You can smell the PHEV procrastination. Asked by the reporter when the plug-in Prius on display will be available in Norway, he replies:
"This is the first demonstration program. We have a small number of vehicles in Paris, France and in the UK and we're involved in gathering some data to understand how consumers actually use these vehicles...We will start much bigger scale demonstration... 100 vehicles in Strassbourg, and it's intended a 3 year trial to understand how consumers react, how they use the vehicle, to gather information and this will enable us to decide the best way to configure the vehicle and then we can make decisions about marketing. No decision about introduction of plug-in hybrid vehicle. The whole reason is we have to do the trial to better understand consumer requirements..."

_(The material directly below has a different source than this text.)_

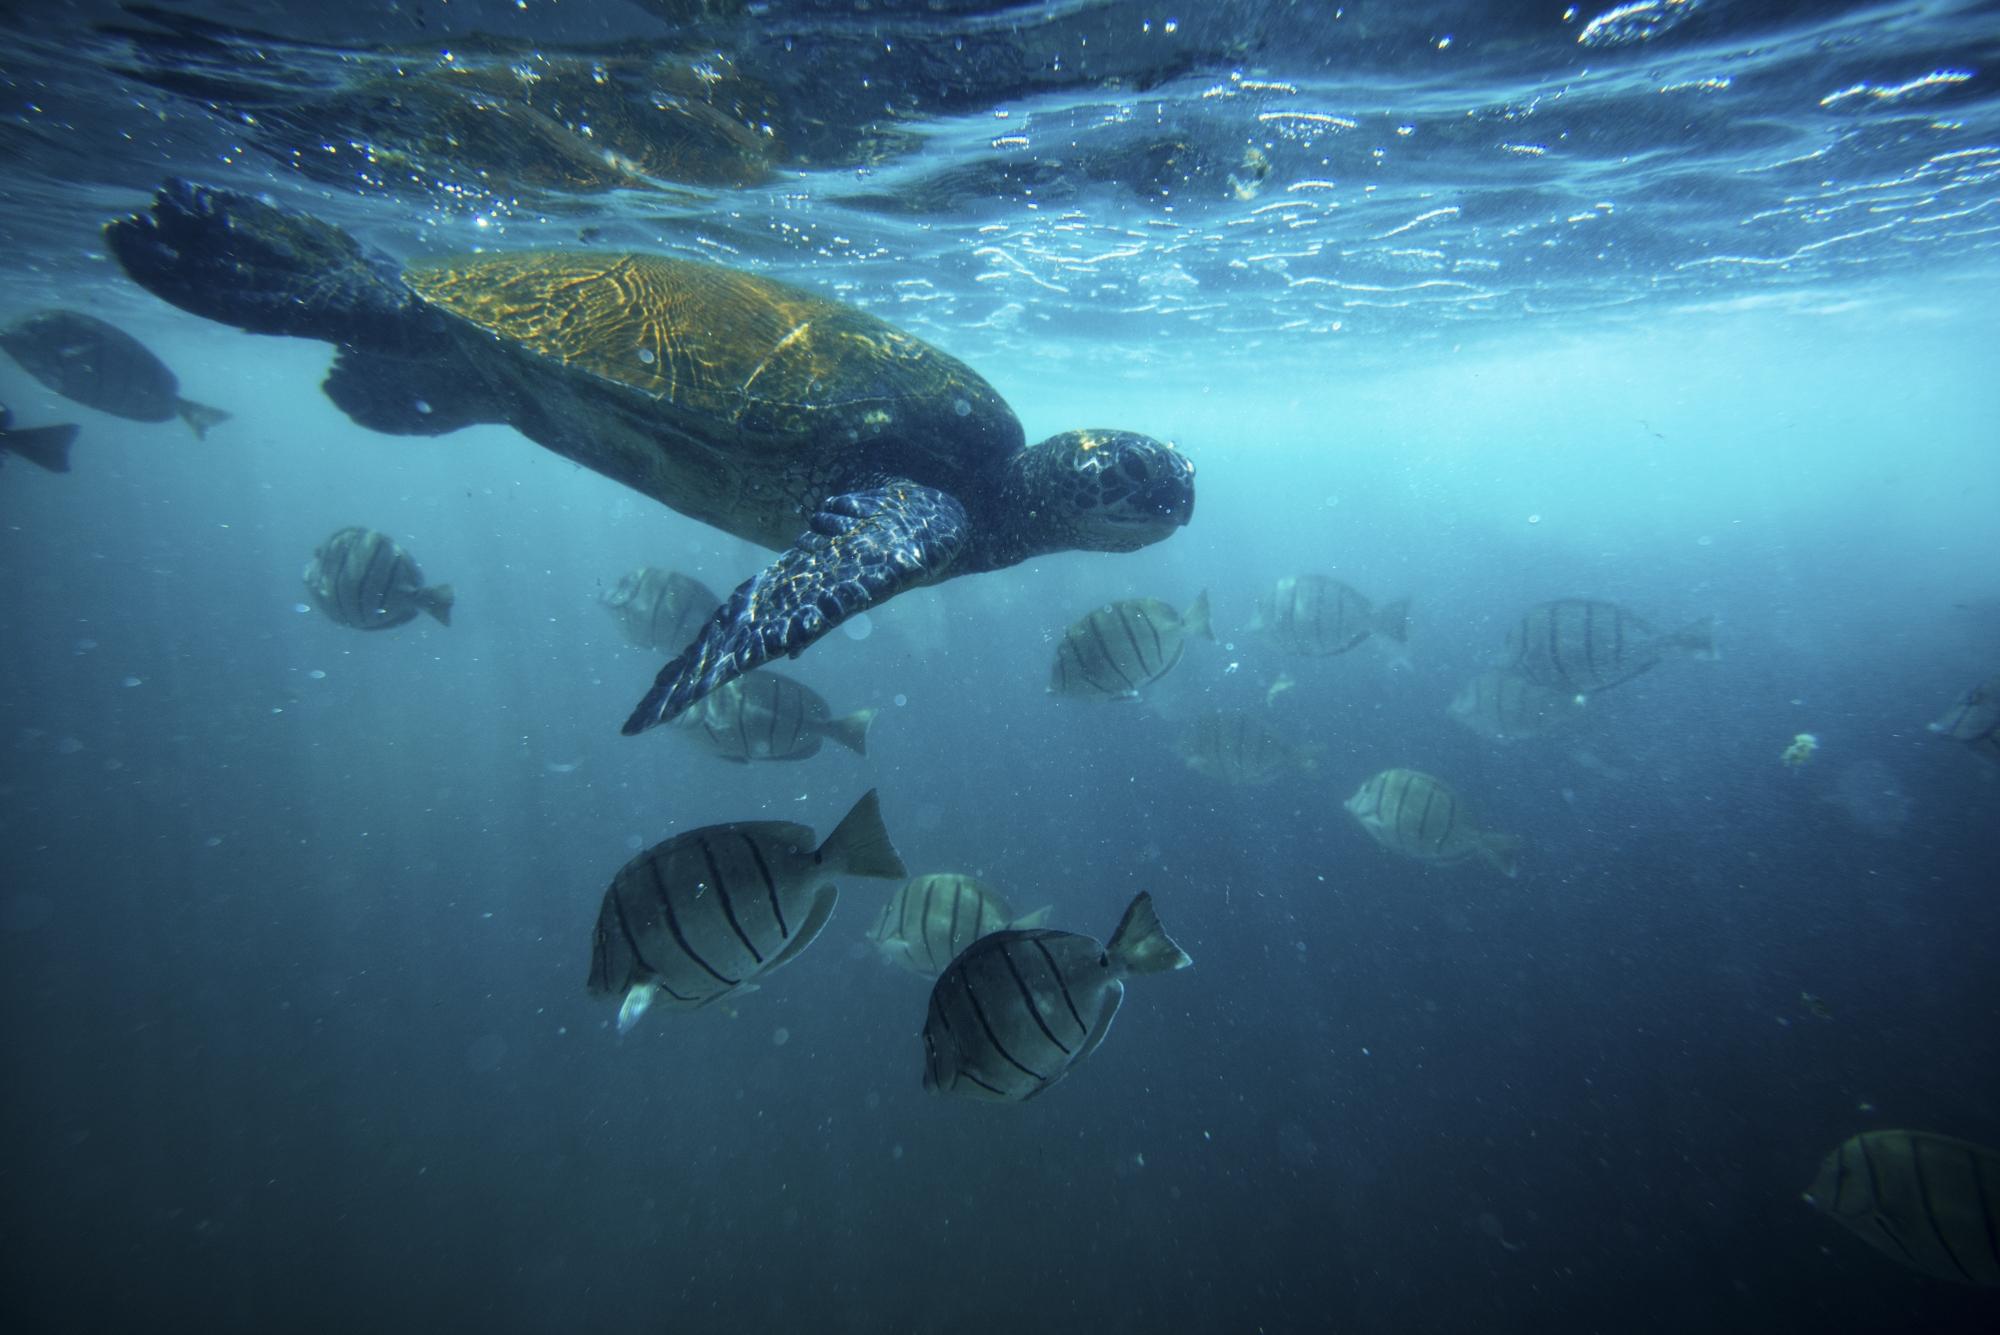 Turtles Underwater_Island of Hawaii_BIVB_0355.jpg

[Source: Electricaid/Norstart]

Thursday, May 14, 2009

Chu speaks on hydrogen and fuel cells

Sounding a lot like Joe Romm in Who Killed the Electric Car.
TR: The hydrogen fuel-cell program has been scaled back in the proposed budget, and the emphasis has been changed from transportation to buildings.

SC: That's right.

TR: It used to be thought, five to eight years ago, that hydrogen was the great answer for the future of transportation. The mood has shifted. What have we learned from this?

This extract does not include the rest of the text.